No Success without a Sucessor | Part 1 of 2
Early in my years as CEO I attended a seminar on leadership succession. The vital necessity of planning for a smooth transition of executive leadership was encapsulated in the phrase, “No success without a successor.” I committed that, when my tenure was ending, to the best of my ability I would ensure a handover of a healthy organization to a godly and gifted successor who could take the ministry far beyond what my limited abilities could achieve.
In January 1990 I began my service as General Director of American Messianic Fellowship. I had celebrated my 36th birthday three weeks prior and felt woefully unprepared for the yet-unknown challenges I would face.
My term began on New Years Day. It was a holiday, so I made it through Day One with no significant leadership blunders. But I would have plenty of opportunities to “mess up” in the years that followed.
Thankfully, the Lord had in place a Board of Directors who gave godly counsel and strong encouragement to a rookie leader. AMF had celebrated its 100th anniversary four years earlier, so there was a long-standing foundation on which to build. I had served with the ministry in various capacities for fifteen years and had the benefit of strong relationships with ministry colleagues.
Very little in my training and experience prepared me for the obstacles we faced on many fronts: financial (economic downturns, donors affected by the biggest fraud in Illinois history), technological (damaging loss of key data), legal (merging four ministries into one), bureaucratic (building department regulations and tax exemptions in IL and NY; securing international visas), and environmental (removal of a long-buried 1000 gallon diesel tank that threatened to leak).
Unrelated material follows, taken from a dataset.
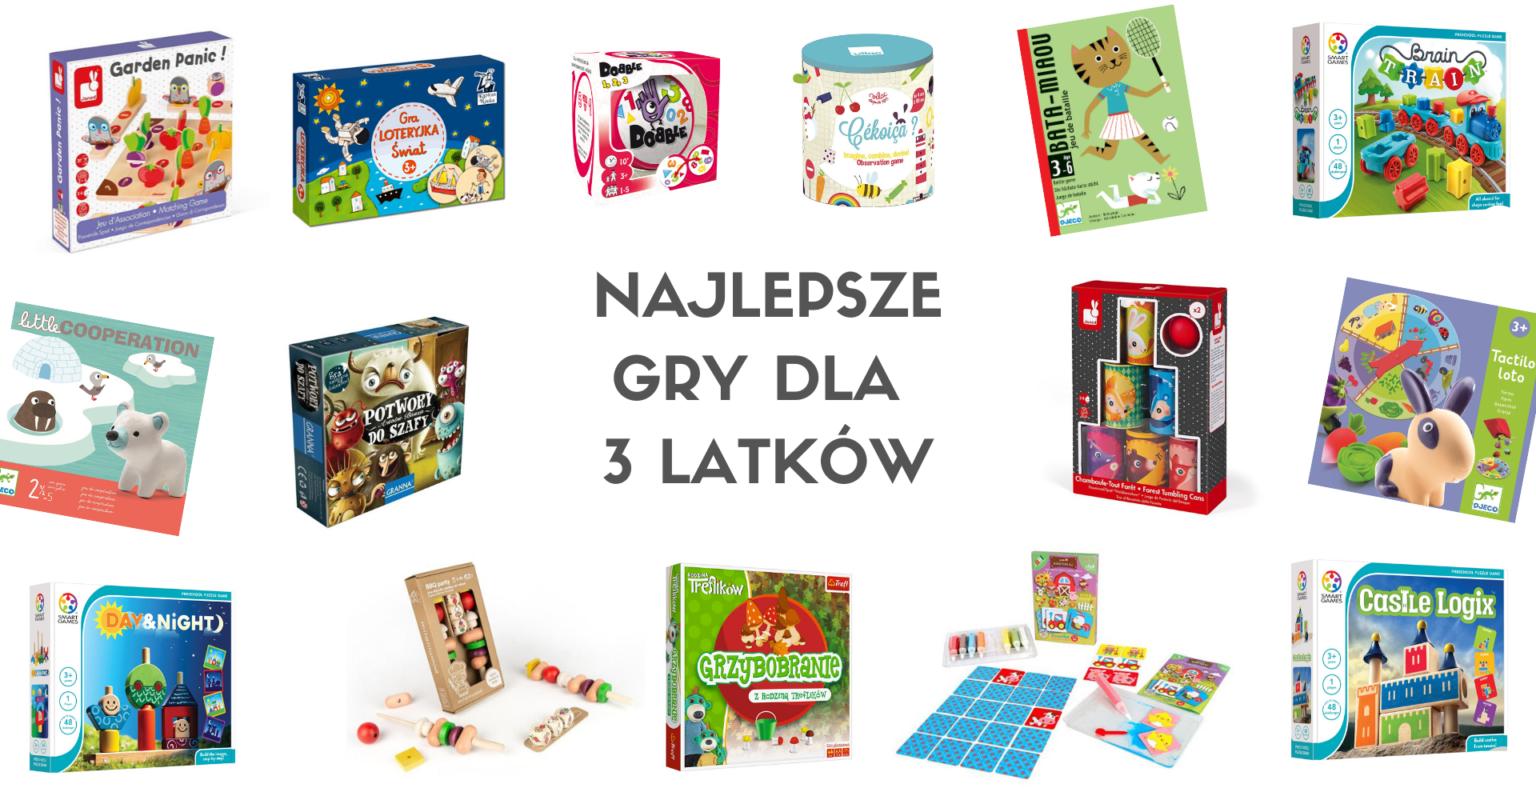 Gry dla 3 latków - zestawienie najciekawszych propozycji gier dla trzyletnich dzieci.

With all those “mundane challenges” came serious, and sometimes sustained, spiritual warfare. The Enemy’s strongest attacks are not against institutions but individuals. Our families encountered “the usual” bouts of illness, relational conflicts, financial reversals, and discouragements in ministry. But severe trials also occurred within the ministry team family, from sexual predators targeting our kids to the untimely deaths of cherished offspring.
Over the years we saw God’s gracious hand at work many times over. In His perfect timing the Lord sent a series of capable coworkers to serve in the home office and on our fields.
And we had a great team of prayer warriors and donors who hung in there with us – some for many decades. Significant bequests intermixed with “widows’ mites” to fund projects great and small.
Our ministry reach expanded internationally, beyond Israel and Mexico to France and the Netherlands. We incorporated in Canada and opened fields in Argentina and Hong Kong.
At home, the merger with Immanuel Ministries brought us our training center in Brooklyn. Short-term teams multiplied in scope and the roster of active ministry partners and volunteers ballooned.
The ministry’s name changed over thirteen decades to reflect geographic expansion. What began in 1887 as a committee to reach Jewish immigrants to Chicago with Jesus’ love was incorporated as Chicago Hebrew Mission. The ministry I joined in 1975 had been known as American Messianic Fellowship since 1953; we rebranded as AMF International in 1991. We love the name we adopted in 2008: Life in Messiah International (LIFE for short).
I don’t have space here to personally express Lori’s and my gratitude to every individual who has contributed to the growth of this ministry as well as built into our lives. Over these three decades it has been my privilege to serve as General/Executive Director [and Lori in several roles, including her current Administrative Director position] we have benefited greatly from the encouragement, counsel, prayers and sacrificial gifts of God’s people. To each one, a heartfelt “THANK YOU!”